Probably more details than you care to know but I started to move TN into a Proxmox environment as a VM. I put 2, 2TB nvme drives for VM storage but I never figured out NFS shares between Proxmox and TN so shelved that idea. Going back to bare metal TN, I put those drives into the first 2 nvme slots but didn’t use that pool for anything. One nvme drive for the FusionPool was in the 3rd nvme slot and other was connected via pcie card. I removed the larger nvme drives and connected the original FusionPool nvme drive directly to the MB along with the 2 new nvme drives I planned to migrate 2. I can try moving the nvme drive from the pool to the card and rerun the command that checked for the delay.
Maybe I didn’t seat the nvme drive properly.

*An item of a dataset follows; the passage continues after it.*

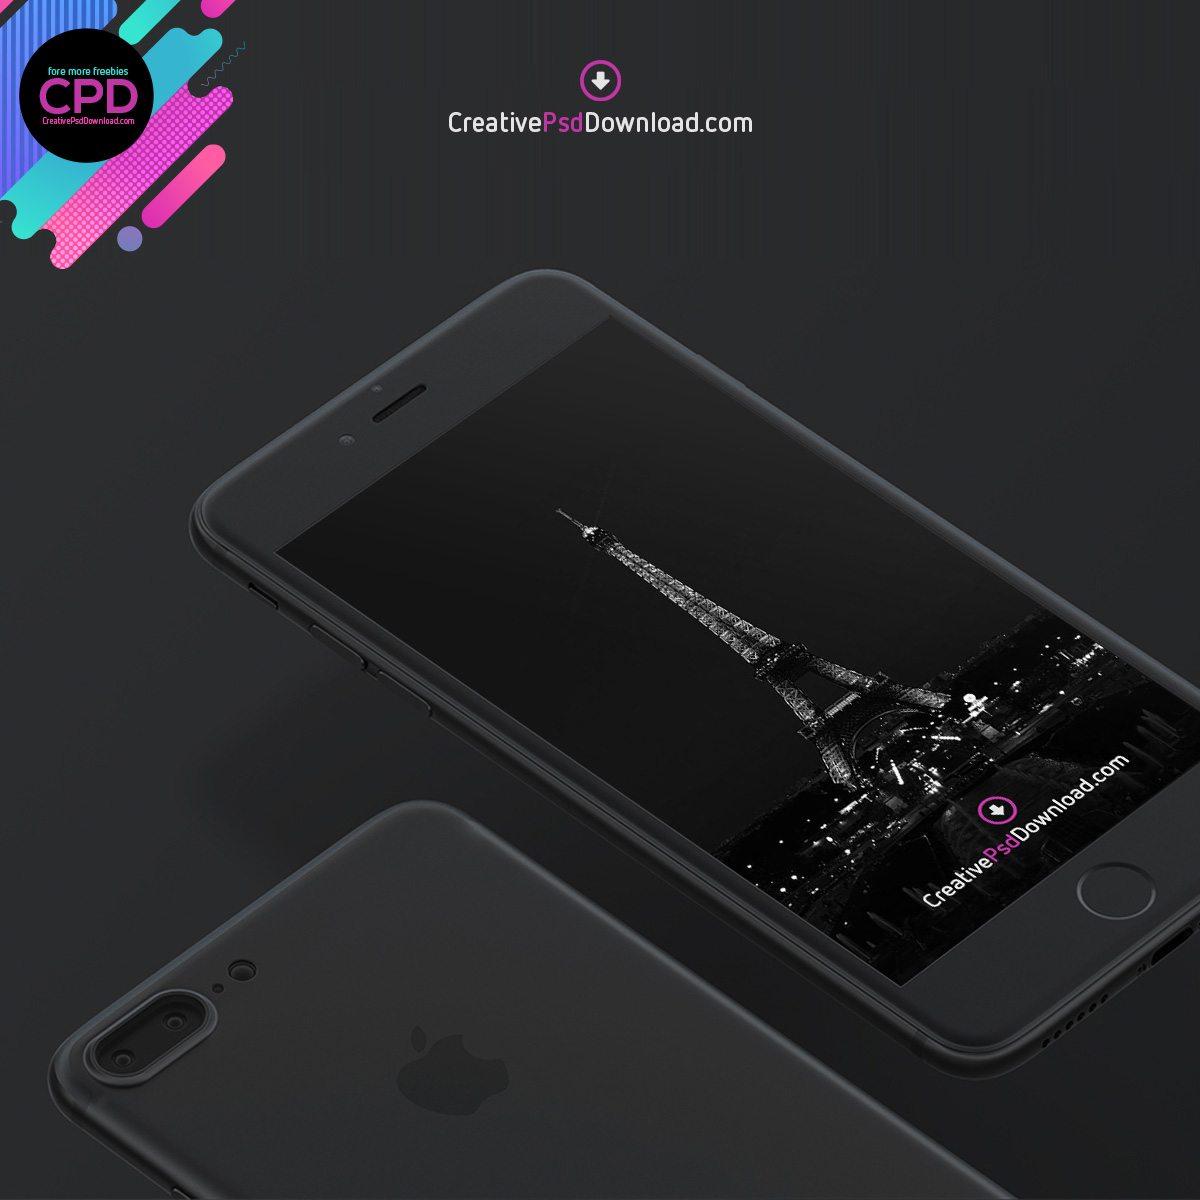 Premium iPhone 7 Psd Mockup Thumbnail

I’ll move it around again and try to reimport. I will rerun and post those commands again if I can’t import. Once all the critical data is downloaded and tested, probably a couple of days. I will recreate the pool.
1 Like
Output looks the same to me. I put the old nvme drive back in but I removed it from the pool so I doubt it be recognized. Guess I’m out of options and will create the pool next week.

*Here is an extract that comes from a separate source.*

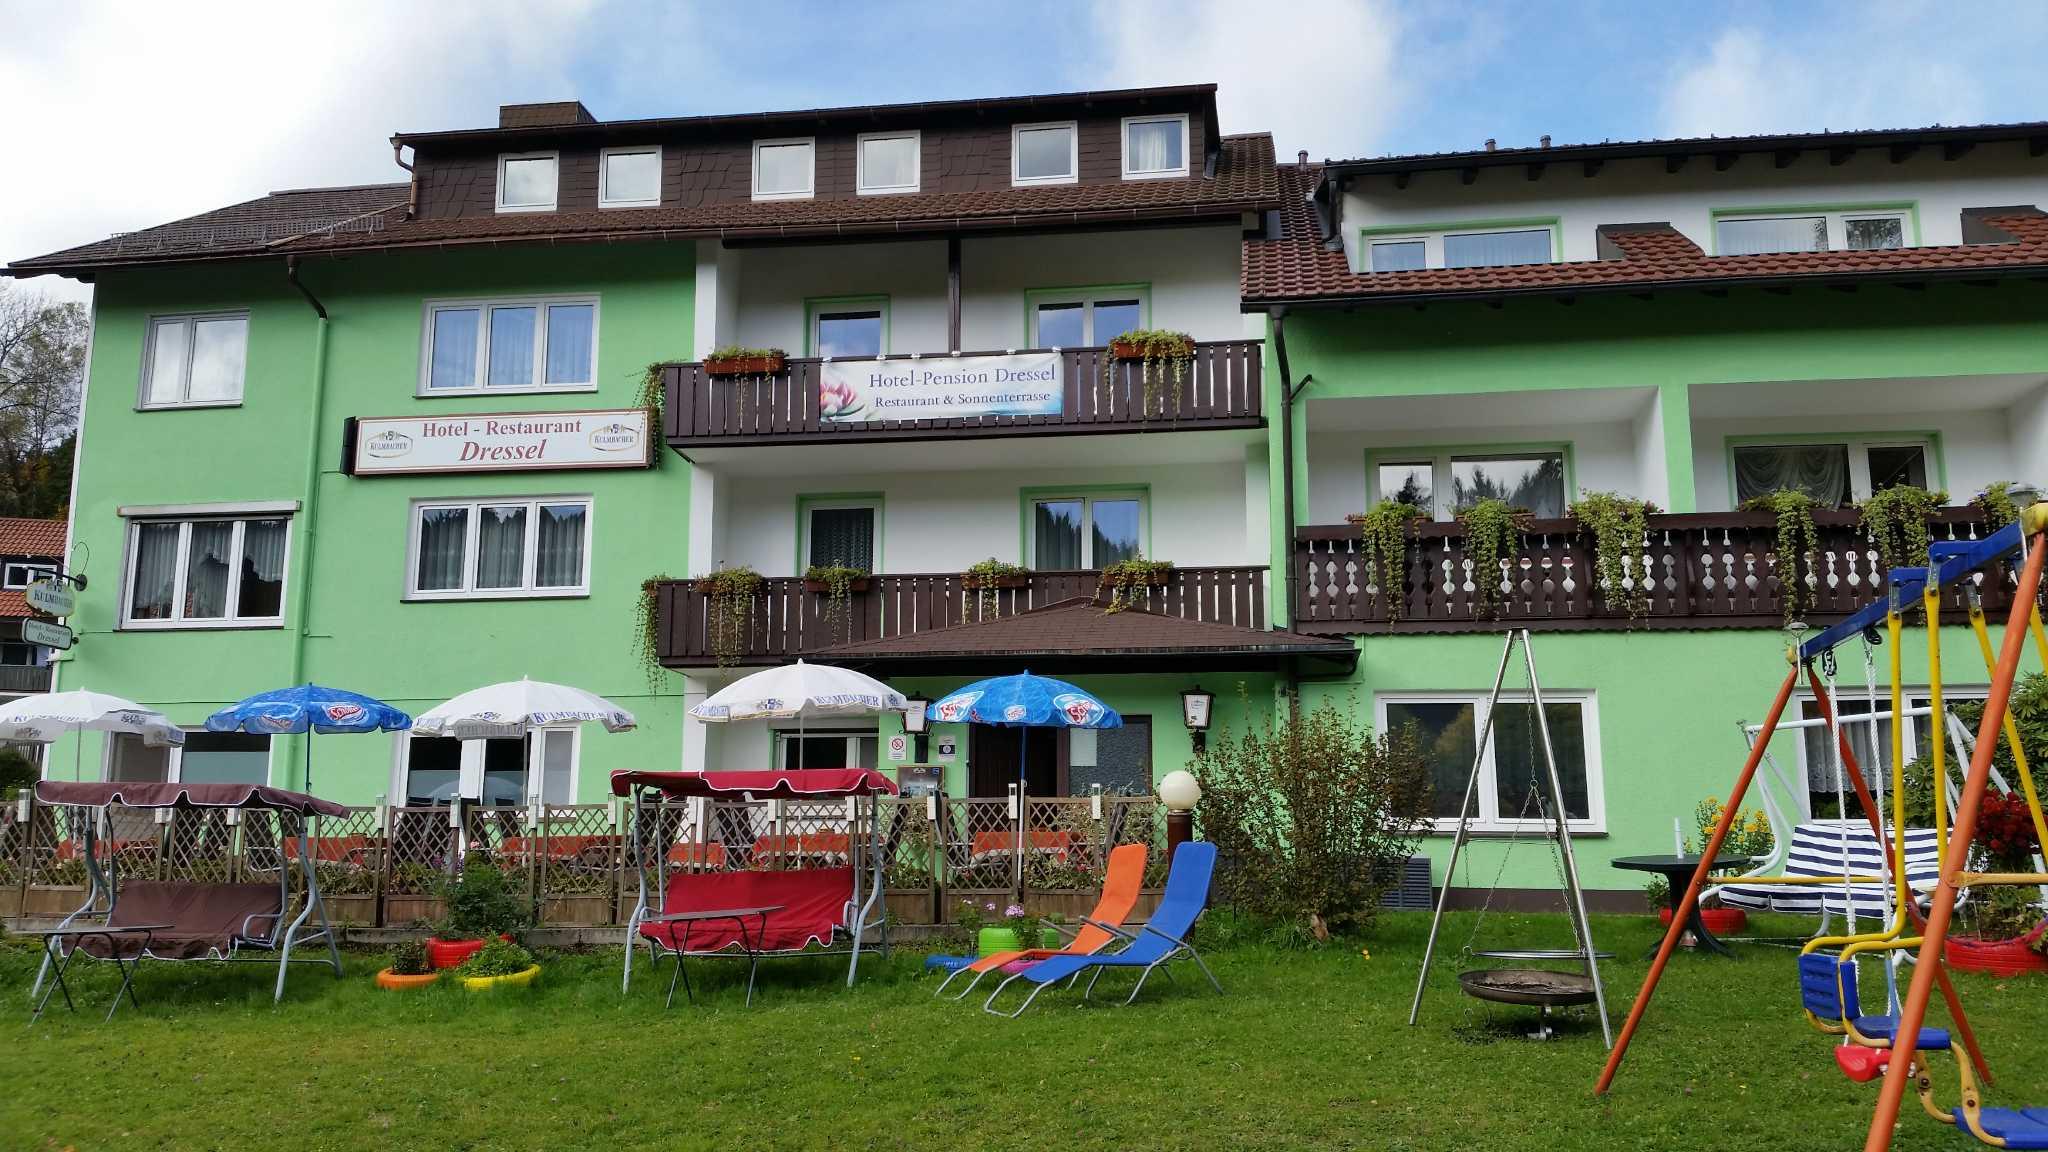 Gruppenferienhaus Hotel-Pension Dressel

root@truenas[~]# for dev in {f9a95cd1-86c4-4c2d-bef5-01e020f29abd,\
a88e61ec-82c2-4255-92b0-298de1335798,\
bebea15b-3341-4c5a-8cb5-2a04b726e64e,\
8d3a4f69-a526-4bf0-ae6c-efc851d43bfe,\
5b712775-ed2d-46cf-81cb-1936a6f27936,\
a34b923d-b7ff-4aca-98e9-ef7ef22d28c7,\
840bed05-be73-4e33-95bf-7d0374c1a70e,\
ef1bf023-d6db-438a-b9d1-7d2bdbb2ed83,\
8e9793b2-8d5f-4fcb-9aef-2012536184e8,\
63599f5d-7f6a-4f42-99ce-64517c6984ef,\
4cb91005-5dc1-453e-942f-5ad6ecdddefe,\
};
do zdb -l /dev/disk/by-partuuid/$dev | grep -E ^" "txg;
done
txg: 23803623
txg: 23803623
txg: 23803623
txg: 23803623
txg: 23803623
txg: 23803623
txg: 23720432
txg: 23803623
txg: 23803623
txg: 23803623
txg: 23803623
root@truenas[~]# zdb -l /dev/disk/by-partuuid/840bed05-be73-4e33-95bf-7d0374c1a70e
------------------------------------
LABEL 0
------------------------------------
version: 5000
name: 'FusionPool'
state: 0
txg: 23720432
pool_guid: 7105278952023681001
errata: 0
hostid: 785381139
hostname: 'truenas'
top_guid: 6333384889662361424
guid: 10719641310859050811
vdev_children: 3
vdev_tree:
type: 'mirror'
id: 1
guid: 6333384889662361424
metaslab_array: 256
metaslab_shift: 32
ashift: 12
asize: 512105381888
is_log: 0
create_txg: 4
children[0]:
type: 'disk'
id: 0
guid: 10719641310859050811
path: '/dev/disk/by-partuuid/840bed05-be73-4e33-95bf-7d0374c1a70e'
DTL: 396
create_txg: 4
children[1]:
type: 'disk'
id: 1
guid: 6951971175218986677
path: '/dev/disk/by-partuuid/a2b880e0-d3a5-4d15-99c0-bec7e5436d12'
DTL: 395
create_txg: 4
features_for_read:
com.delphix:hole_birth
com.delphix:embedded_data
com.klarasystems:vdev_zaps_v2
org.openzfs:raidz_expansion
labels = 0 1 2 3
When did you remove the other NVMe from the pool? Did you do that in the GUI intentionally? Is that when you “replaced” an NVMe? What happened to the replacement?